Un nuovo rivoluzionario materiale del futuro alternativo al silicio che parla italiano: il grafene

grafene-300x252Quando si parla del nostro paese e di ricerca ed innovazione, spesso assistiamo a idee straordinarie nate in Italia e poi sviluppate completamente all’estero. Continuando il viaggio nelle eccellenza di ricerca e sviluppo nazionali, c’è un caso, emblematico, nel quale questo flusso si è rovesciato, ed è riferito, ancora una volta, al settore delle nanotecnologie di cui avevo parlato proprio alcuni giorni fa (post precedente), basato su uno dei materiali più promettenti del futuro che è il grafene. Si tratta di un materiale, conosciuto sino a qualche anno fa solo negli ambiti della fisica e dei laboratori di ricerca, e destinato davvero a rivoluzionare la nostra vita quotidiana. In questo caso, infatti, una avanzatissima tecnologia nata negli Stati Uniti, da parte di Robert Angelo Mercuri (scienziato italo-americano), Fondatore e Inventore di Directa Plus (link) che vantava già numerosi brevetti per la produzione di nanoparticelle di carbonio e grafene, ha visto il perfezionamento e la industrializzazione in Italia, potendo contare, nel nostro paese su di un valido team di ricerca, capace di vincere sfide di mercato impensabili fino ad oggi. Il team è uno start-up tecnologico inserito nel Parco Scientifico Tecnologico “ComoNExt” di Lomazzo, in provincia di Como, dove è operativo da oltre un anno il primo impianto industriale in Italia per la produzione industriale di grafene, il materiale del futuro, che potrebbe sostituire il silicio in molteplici campi di applicazione.

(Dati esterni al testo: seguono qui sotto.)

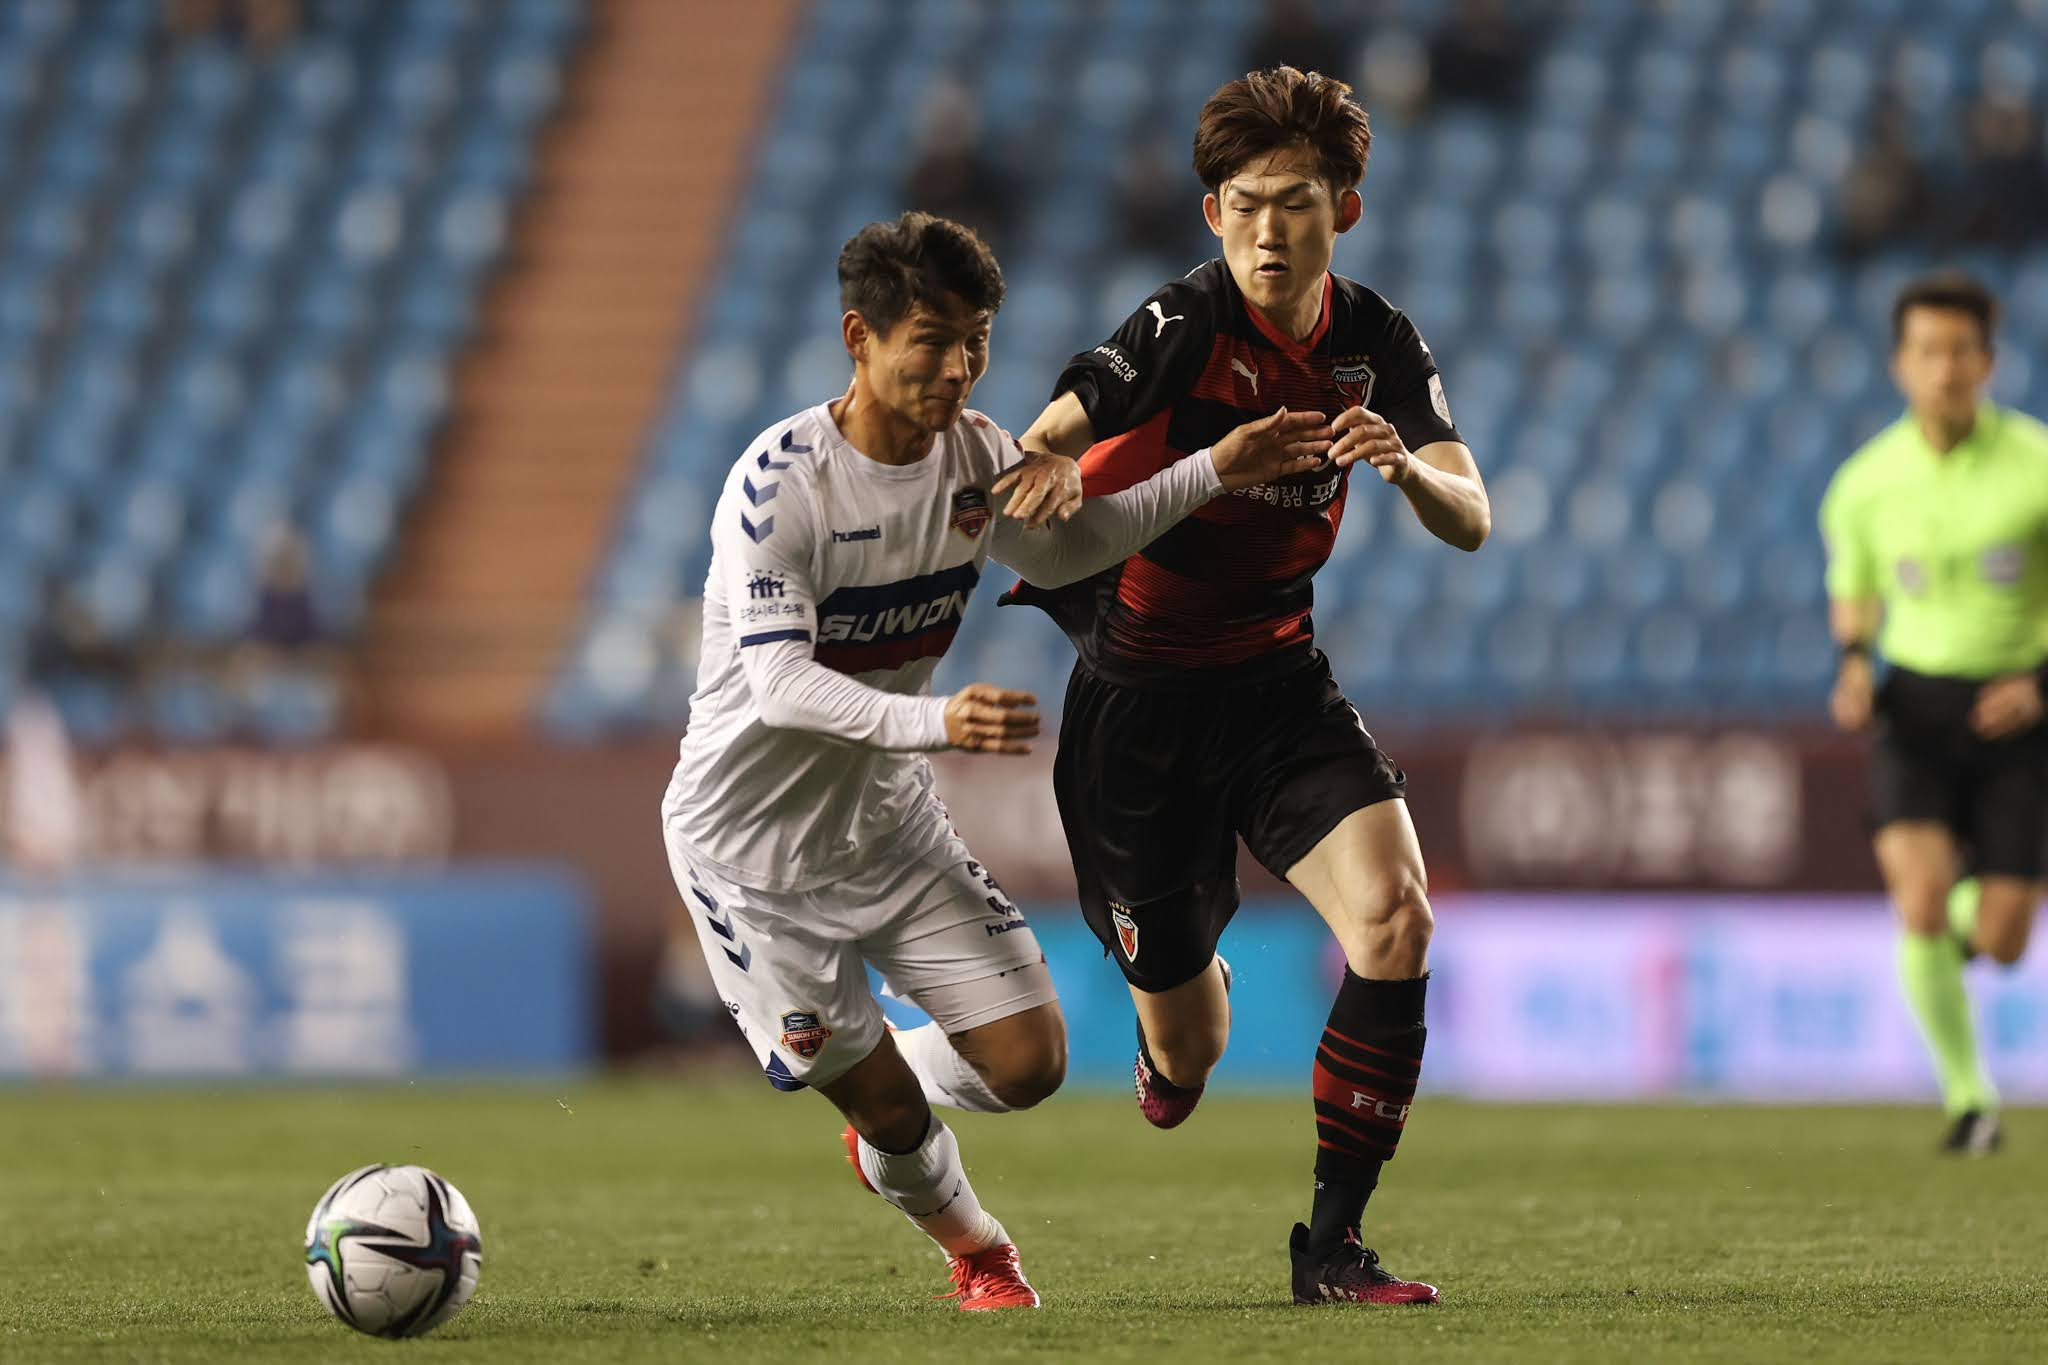 Suwon FC vs Pohang Steelers

Si tratta di un materiale robusto, dalle mille virtù che aprono sterminati ambiti applicativi essendo:

  • leggero;
  • ottimo conduttore di elettricità;
  • ottimo conduttore di calore;
  • la sua deposizione sulle superfici, determina la impermeabilizzazione delle stesse;
  • quasi trasparente;
  • altamente denso, a tal punto che nemmeno l’elio, il più piccolo gas atomico, è in grado di attraversarlo;
  • altamente resistente, superiore di ben 50 volte all’acciaio;
  • con un elevato coefficiente elastico.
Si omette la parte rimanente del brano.